LoRa (Long Range) is the model identify for the modulation scheme (bodily layer), which makes use of CSS (Chirp Spread Spectrum) to attain lengthy distance communication with very low energy consumption.
It is price stating that LoRa has slightly low information charges in comparison with the opposite radios I am testing, maxing out at 37.5 kbps.
Within the spectrum analyser waterfall under we are able to see a part of a typical LoRa transmission. By studying from the underside of the hint upwards, we see 8 preamble sweeps, adopted by 2 reverse-direction sync message sweeps, then payload chirps persevering with previous the highest of the waterfall. We will see the beginning and cease frequencies change for payload chirps, which is how LoRa transmits symbols.
LoRaWAN is the preferred of the upper stage protocols (MAC) constructed on LoRa and has three classes describing when nodes can transmit, obtain, or sleep. It additionally handles authentication, encryption, and message forwarding to upstream community companies.
LoRaWAN makes use of a intelligent trick to enhance capability and scale back interference – through the use of completely different IQ (phase and quadrature) configurations for TX and RX modes, nodes can solely hear transmissions from gateway radios and never different node transmissions.
The {hardware} below take a look at is the Semtech SX1276 transceiver within the HopeRF RFM95W module (on an Adafruit Breakout board). The modules talk with the STM32F429 utilizing 10 MHz clocked SPI, and my LL primarily based driver minimises timing overheads through the use of the transceiver’s interrupt strains.
I will take a look at a point-to-point LoRa hyperlink, as I haven’t got an current community or gateway readily available. If these exams have been being carried out with a real-world LoRaWAN I might actually be measuring any timing restrictions utilized by the community – greatest apply is to usually sleep for minutes between packets to minimise air-time and energy consumption.

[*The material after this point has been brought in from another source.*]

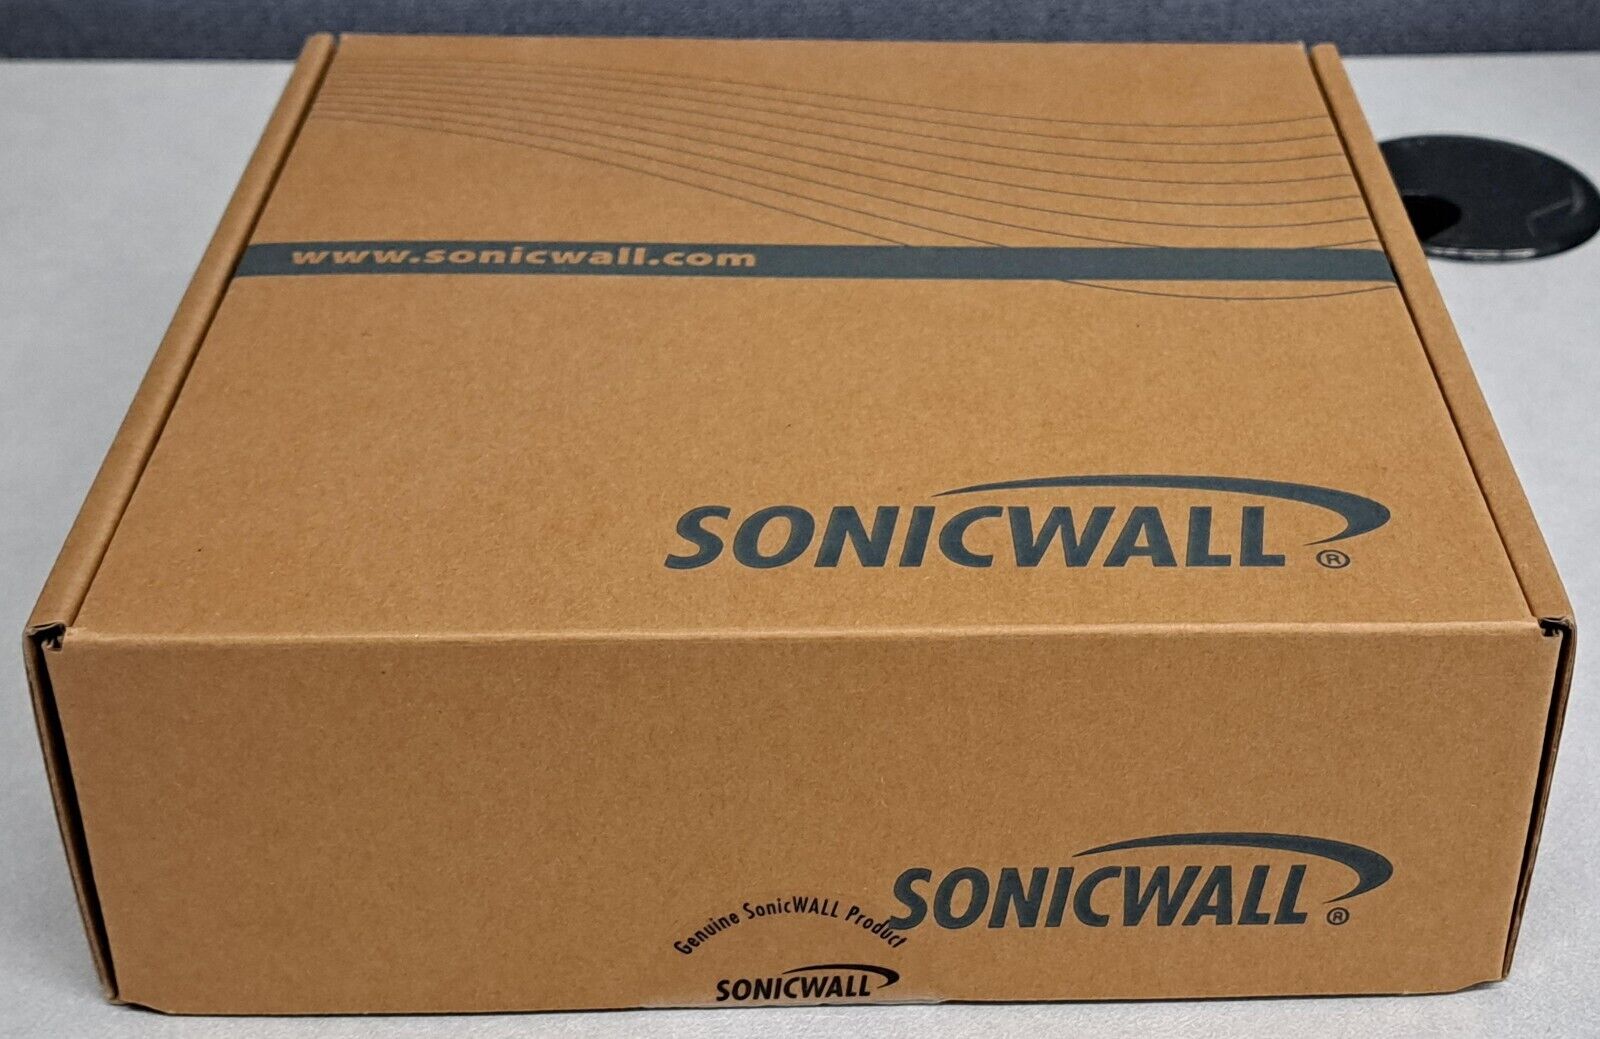 SonicWall Sonic Point-NI AP #: 01-SSC-8574

I ran exams with two completely different chirp configurations representing smart ‘excessive velocity’ and lengthy vary use-cases. LoRa’s most payload is 255 bytes, so the 1 kiB payload is damaged into 5 transmissions.
Bandwidth | Coding Charge | Spreading Issue | Information fee | |
---|---|---|---|---|
Excessive Velocity | 250 kHz | 4/5 (1.25x overhead) | 7 = 128 chips/image | 10.9 kbps |
Lengthy Vary | 64.5 kHz | 4/6 (1.5x overhead) | 11 = 2048 chips/image | 224 bps |
Semtech’s LoRa web calculator offers air-time durations which we are able to evaluate our outcomes towards. For the excessive velocity configuration we are able to count on a 128 byte transmission to take ~107 ms.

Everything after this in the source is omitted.